А я знал, что он любит Рождество, потому что они с семьей всегда уезжали к родителям мамы, в горы, и там было тихо, тихо, очень тихо. Никто не ссорился, никто не орал друг на друга, мама не пряталась на чердаке и не кричала: «Ты больной ублюдок!» - угрожая отцу пистолетом. Домик был маленький, крохотная коробочка, потерянная в узкой расщелине, все рассаживались вокруг стола и ели в гробовой тишине; бабушка стучала ножом о край тарелки и хмурилась, глядя на скелет индейки, оставшийся на середине стола. Они спали с братом в подвале – сыро и холодно – и как-то он проснулся посреди ночи от шороха, думал: крыса. А брат елозил под покрывалом и взвизгивал, как побитый щенок, увидел, что смотрит, зашипел: «Отвернись, гаденыш», - но он все равно продолжал смотреть, и тогда брат стянул одеяло. Я знал, что он любит Рождество; у брата был маленький кривой член, который он сжимал в кулаке и с силой оттягивал в сторону, быстро поглаживая пальцами головку, а он, мой худой мальчик с узкими плечами, сидел на краю своей кровати и слушал, как его брат, зажевывая угол подушки, стонал: «Подойди сюда». Он подошел, и тот похлопал его по шее: «Молодец, молодец, а теперь – возьми в рот. Все так делают». Во рту склизко и солоно, неприятно и не хватает воздуха, а брат давит на затылок и приговаривает: «Хороший мальчик, хороший мальчик» - а ему было шесть или семь? Шесть или семь?... Брату тринадцать, и у него тяжелая рука; он поднимает бедра и хлопает его по щеке: «Давай, быстрее» - и сперма течет по подбородку. И так три года, три года, три года; я знал, что он любит Рождество.
А потом ему исполнилось семнадцать, и по всей комнате были разложены разноцветные мигающие огоньки, и елка, стоявшая в центре комнаты, была очень тщательно украшена. Брат сидел рядом, прислонившись к стене, и, закрывая ладонью дыру в животе, повторял: «Ты сгоришь в аду, ты сгоришь в аду, ты сгоришь». Брат не знал, что ад давно, давно, давно был здесь. Ад был внутри него.
Он напевал «Сияй, маленькая звездочка» и оборачивал круг за кругом еловые лапки тонкой лентой, которая тянулась из его брата, и ветки проламывались под тяжестью. И это было самое лучшее Рождество, с лучшими подарками, потому что на следующее утро, когда он проснулся и пошел на кухню за куском кекса, он посмотрел на то, что осталось от его семьи. И впервые почувствовал себя свободным.
- Теперь никто из вас не будет страдать. Теперь вы можете любить друг друга, - я присаживаюсь рядом с матерью и сжимаю ее чуть теплые пальцы. – Больше не нужно терпеть боль, мама. Больше не нужно.

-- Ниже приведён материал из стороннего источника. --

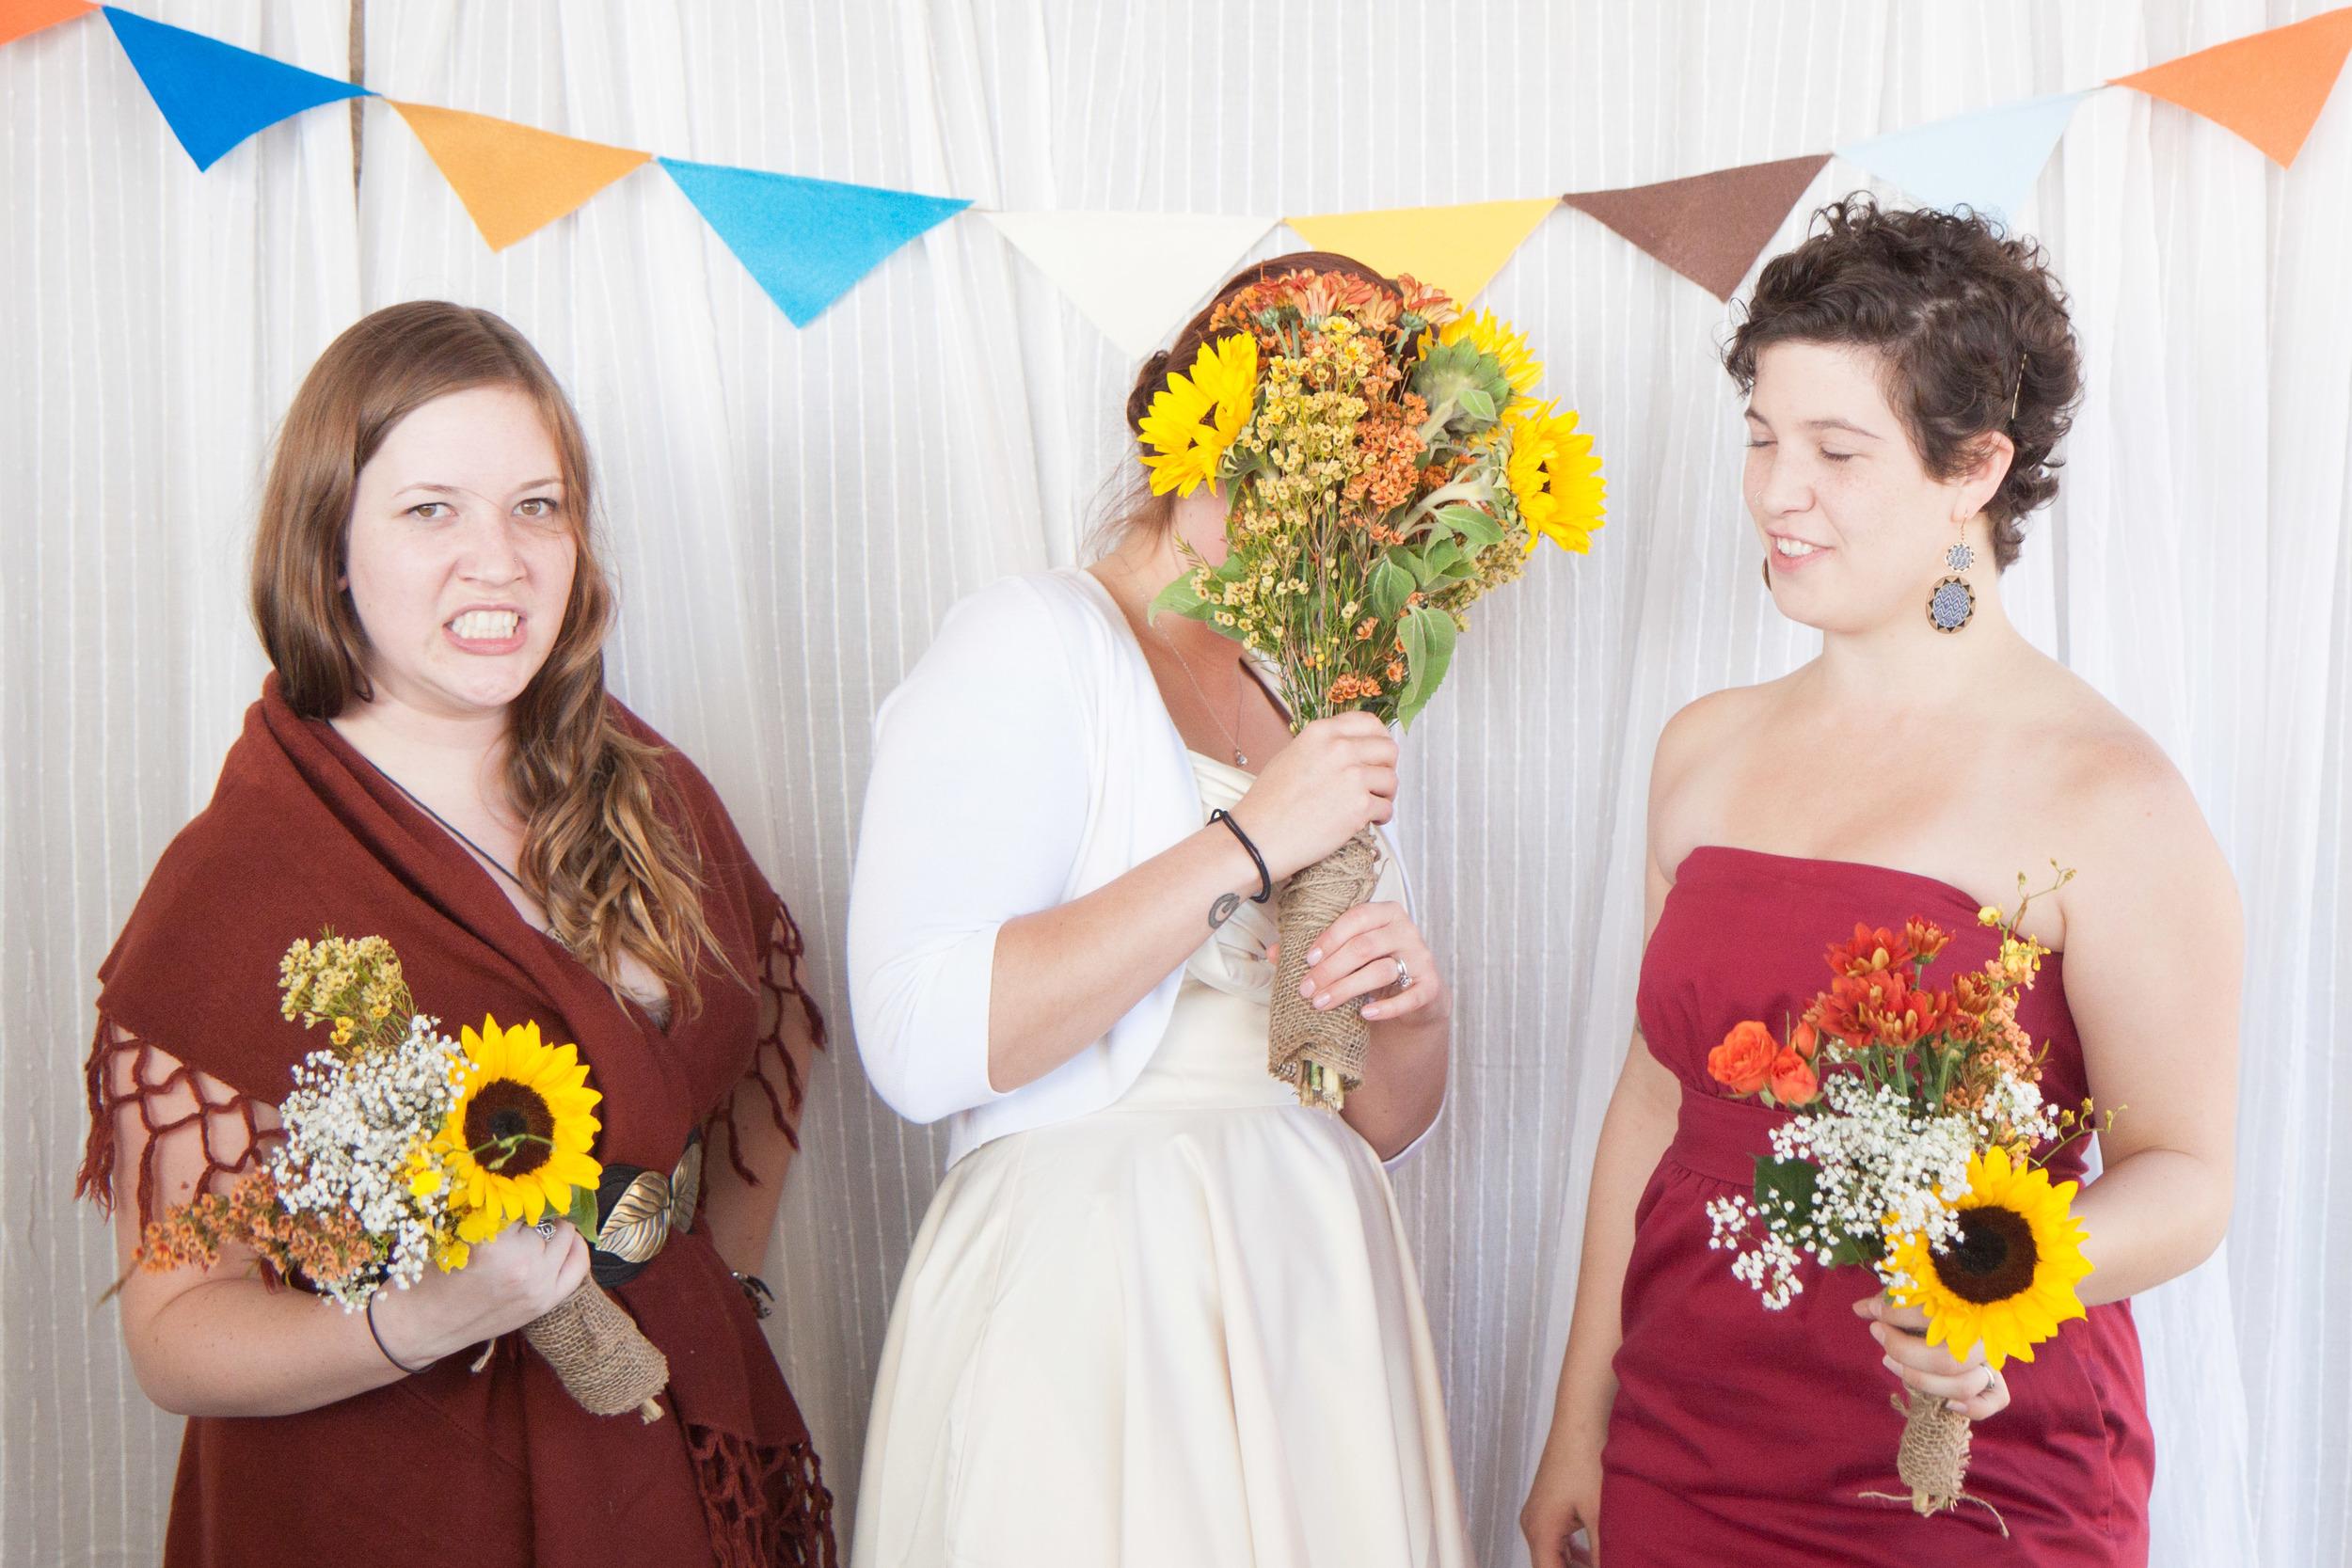 Wilson Bickel Wedding - Family Photos (12 of 25).jpg
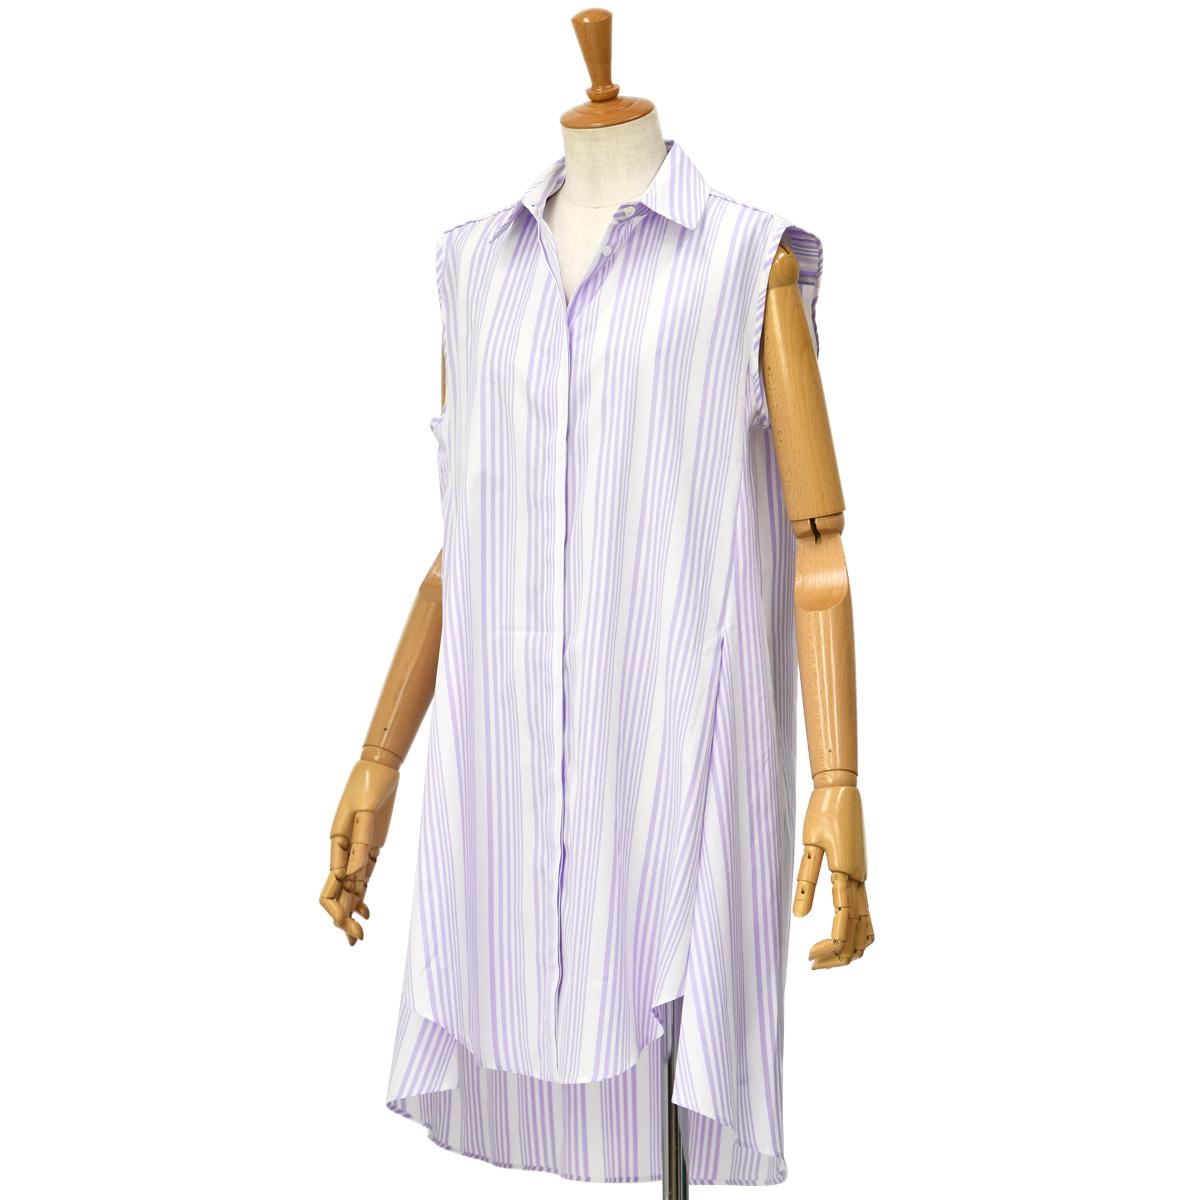 Bagutta【バグッタ】ストライプノースリーブシャツ SALLY 10408 240 コットン ラベンダー

Папа, мама и брат. Они лежали втроем, и он сидел рядом с ними несколько суток, чтобы удостовериться: теперь им не больно. Теперь все будет в порядке. And I know that he loves Christmas because they always left with his family to the parents of my mother, to the mountains, and it was quiet, quiet, very quiet. No quarrel, no one yelling at each other, my mother is not hiding in the attic and did not scream, "You sick bastard!" - Threatening a gun to his father. The house was small, tiny box, lost in a narrow crevice, all took their seats around the table and ate in the sepulchral silence; grandmother knocked on the knife edge of the plate and frowned, looking at the turkey bones remaining on the middle of the table. They slept with his brother in the basement - damp and cold - and once he woke up in the middle of the night by rustling, thinking rat. A brother to crawl under the covers and squeaked like a beaten puppy, I saw that look and hissed: "Turn away, bastard" - but he still continued to look, and then pulled the blanket brother. I know that he loves Christmas; my brother was a little crooked penis, which he held in his hand, and with the power of delayed toward rapidly stroking the head of her fingers, and he, my skinny little boy with narrow shoulders, sat on the edge of my bed and listened to his brother, zazhevyvaya corner cushions He groaned: "come here." He came and he patted him on the neck: "Well done, well done, and now - take it in his mouth. Everybody does it. " In the mouth, slippery and salty, unpleasant and not enough air, and my brother puts pressure on the back of his head and says: "Good boy, good boy" - and he was six or seven? ? Six or seven ... Brother thirteen, and he has a heavy hand; it raises the hips and slaps him in the face: "Come on, faster" - and the sperm flows down his chin. And so for three years, three years, three years; I know that he loves Christmas.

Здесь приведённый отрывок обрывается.